An interactive journey through light itself.
Scroll horizontally to enter the spectrum →
Glowing Embers
Incandescence is light born of heat. As matter grows hot, its electrons surrender energy as photons — first a sullen red, then orange, then white. The filament, the forge, the core of a dying star: all are red at the threshold of brightness.
Sodium Vapor
Excited sodium atoms drop into a single, narrow line.
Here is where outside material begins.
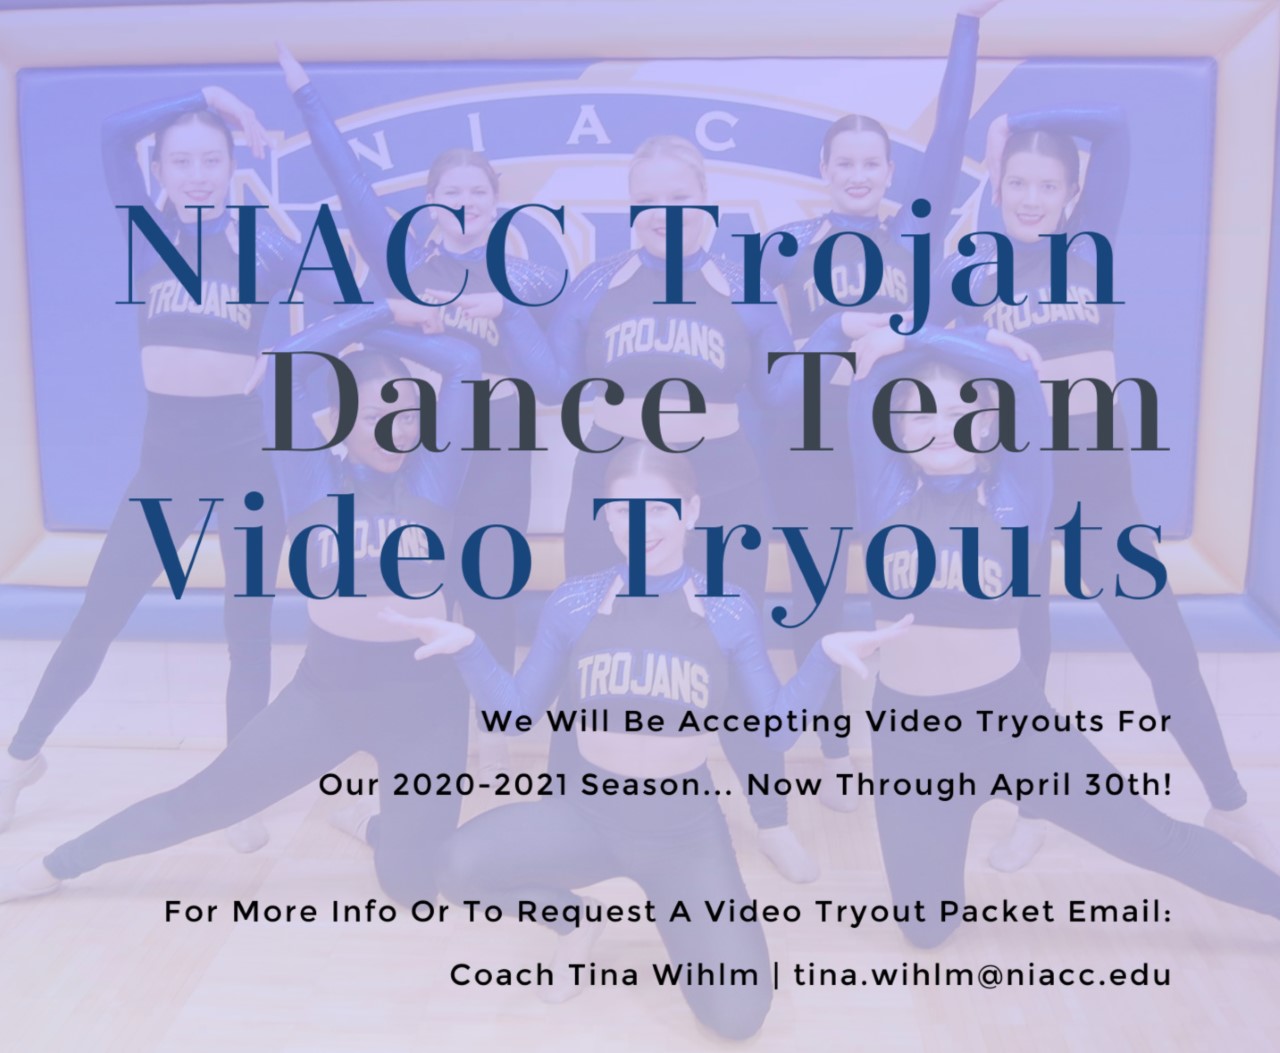 NIACC Dance Team accepting video tryouts

The street lamps of the twentieth century, the flame of a salt-tossed log, the warning glow of tunnels at dusk — all sing on this same note of orange.
The Sun's Mean
Our star peaks here, in the slim band between green and orange. The eye, evolved beneath this brightest portion of the solar curve, finds yellow more luminous than any other hue. To stand in yellow is to stand in noon.
Living Light
Fireflies, plankton, deep-sea jellies. Luciferin meets oxygen and the result is light without heat — a cool, chemical green that flickers across oceans and through summer fields. The photon, here, is born from biology.
A Sky of Photons
Why is the sky blue? Short wavelengths scatter most readily off the molecules of air; the heavens reveal the colour the atmosphere refuses to ignore. Stand in this chamber and you stand inside the daylit dome.
The Last Visible
Violet is where the visible spectrum dims into the unseen. Beyond it: ultraviolet, x-ray, gamma — frequencies the eye cannot follow. Violet, then, is the last word of the rainbow before the language changes.
After the Spectrum
Hold your gaze. The walls of this chamber are dark, but not empty. Move closer, and what was hidden begins to fluoresce.
A photon is the smallest possible unit of light.
Every colour you have walked through is a single frequency of vibration.
Beyond violet lies the unseen, but the unseen still illuminates.
Hover the lines. The dark remembers what the light forgot.